Arguments on the motion were had before Judge O’Donnell in the Criminal Court of Baltimore. He granted the motion, the State appealed, and because of the importance of the case in the administration of justice in Maryland, with the consent of the parties, we heard the appeal within a week. After argument, we affirmed Judge O’Donnell’s dismissal of the indictment by per curiam order. The reasons for our order follow.

In his clear and thorough oral opinion, Judge O’Donnell pointed out that, as a result of Schowgurow, under the decisions of the Supreme Court, the grand jury which indicted Madison was not selected in accordance with law; that the unlawful method of its selection was not a mere “harmless irregularity” but a violation of the Federal Constitution; and that, under our basic law, Madison’s timely right to object need not have any ground other than the fact that he was indicted by that grand jury. We agree.

Supreme Court decisions requiring that the defendant be a member of the excluded class in order to have standing to attack the constitutionality of the method of jury selection under a law nondiscriminatory on its face are not here in point. In Schowgurow, we pointed out that, in such cases, “the question was whether, under a law, nondiscriminatory on its face, through administration or practice, there had been exclusion as a matter of fact. Here, there has been systematic exclusion for over a century by the mandate of the Maryland Constitution.”
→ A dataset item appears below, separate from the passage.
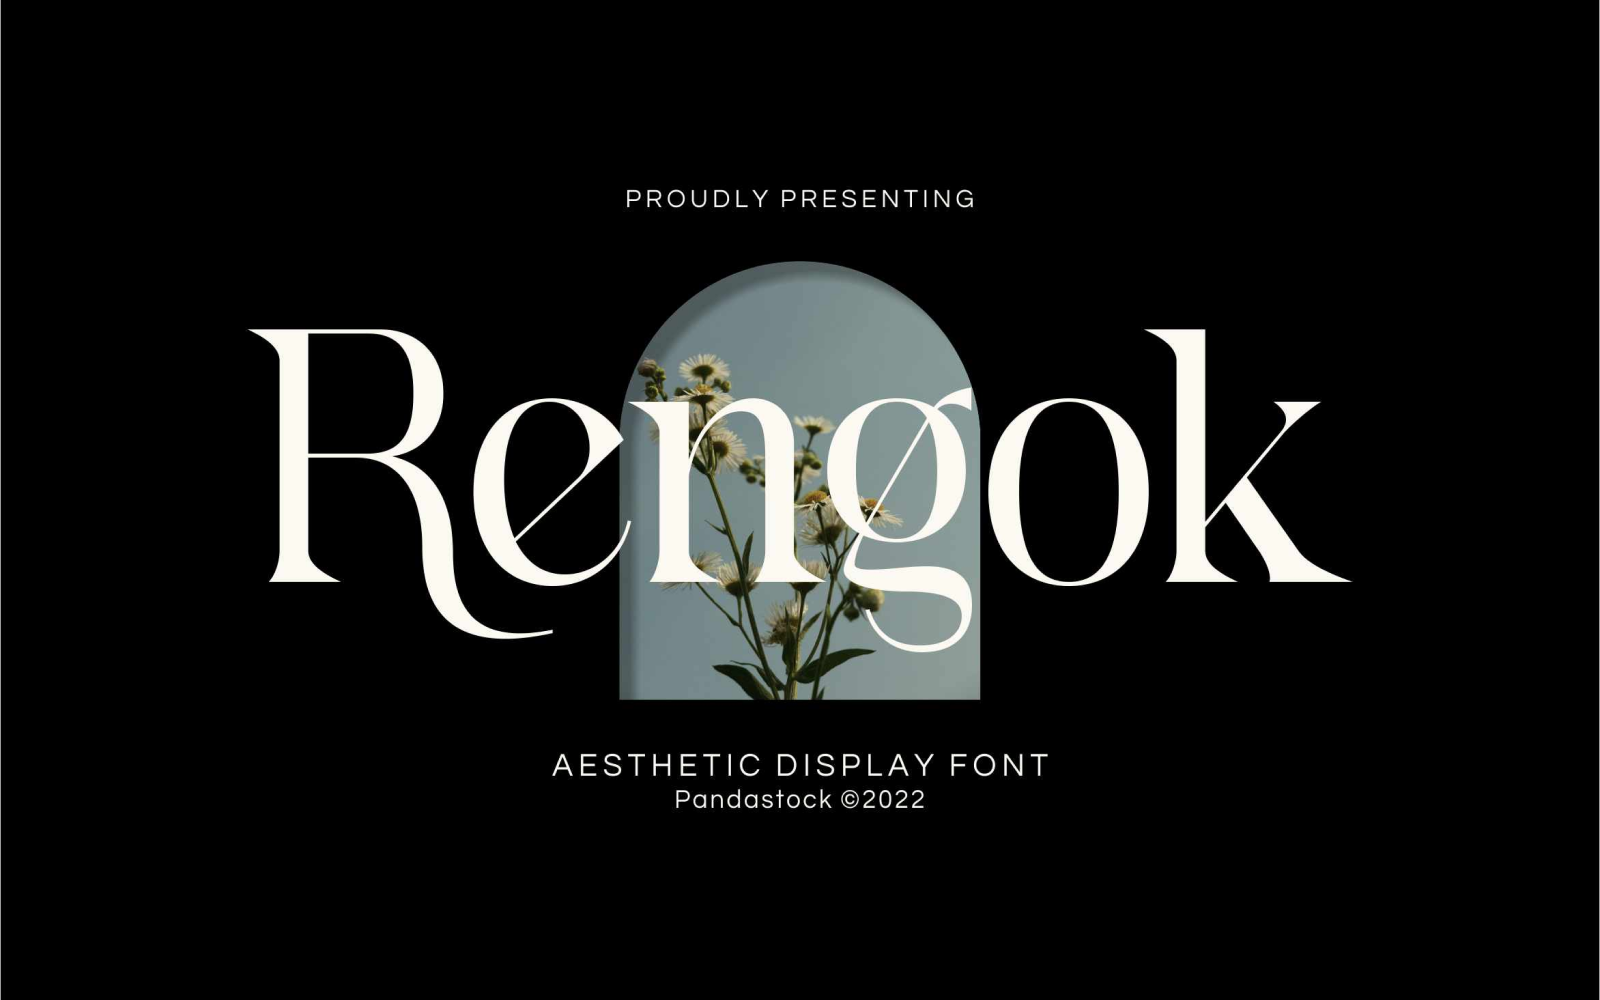 Rengok Aesthetic Display Font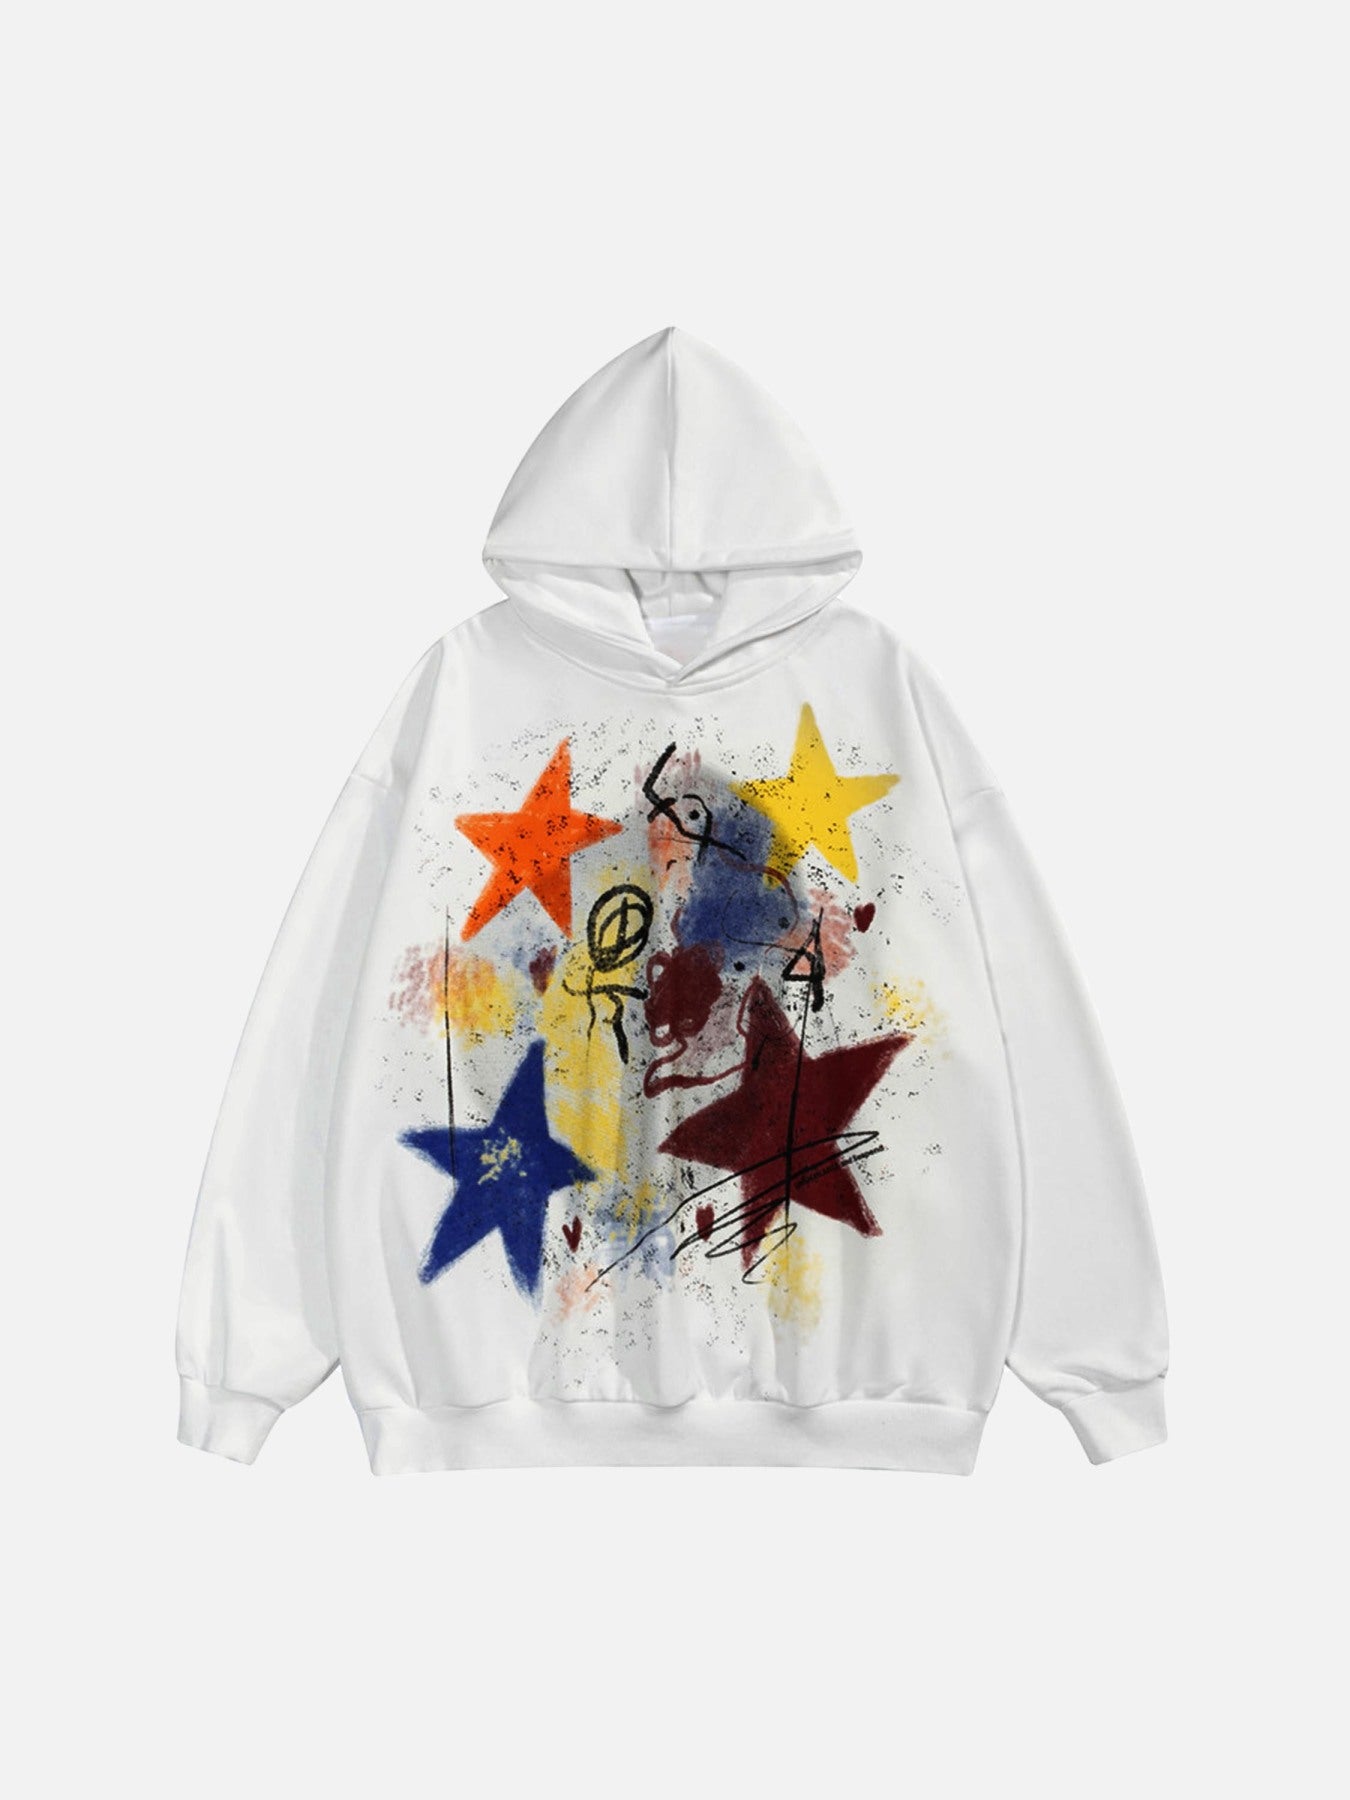 The Supermade Pentagram Graffiti Ink Splash Print Hooded Sweatshirt

Where, as here, the unconstitutional discrimination is an integral part of the governing law, a defendant in a criminal case whose conviction has not become final is not required to show that he is prejudiced by the application of the law. Every person accused of crime has the right to be tried under what has been determined to be the law of the land. In Schowgurow, the State, as here, contended there had been no showing of actual prejudice. We held that where the system of jury selection on its face provides for illegal discrimination and exclusion, an actual showing of prejudice is unnecessary. It is the danger of abuse resulting from the method of selection which renders it unconstitutional. We pointed out that the exclusion of non-believers was not only authorized but demanded by the Maryland Constitution and that the resulting danger of abuse, under the decisions of the Supreme Court, obviates any need to show individual prejudice.

Almost a century ago, this Court held that, when the method of selection of a grand jury is clearly invalid, the challenge of a defendant to his indictment by that body must be sustained, without any showing of prejudice. Clare v. State, 30 Md. 164 (1869). In that case, the defendant pleaded in abatement that the mandates of the law had not been followed in the selection of the grand jury, because its members had been selected, not by the judges as the law required, but by a court clerk. The lower court found these allegations to be factually correct, but held they were mere informalities, not fatal defects. The pleas were overruled and the defendant was convicted. On appeal, we reversed the judgment of conviction, holding that the lower court erred in overruling the pleas. The defendant, Clare, had not alleged or proved any specific prejudice as to him in the unlawful method of selection. We said, however:

“Under any government of law the trial of persons accused of crime, from its commencement to the conclusion, should be scrupulously conducted according to the requirements of the law. Not only the sacred administration of public and private justice, but the good order of the community, the security and protection of life, liberty and property, cannot be preserved, except by the inflexible maintenance and impartial enforcement of the statutory, as well as the fundamental laws of the land.” 30 Md. at 178.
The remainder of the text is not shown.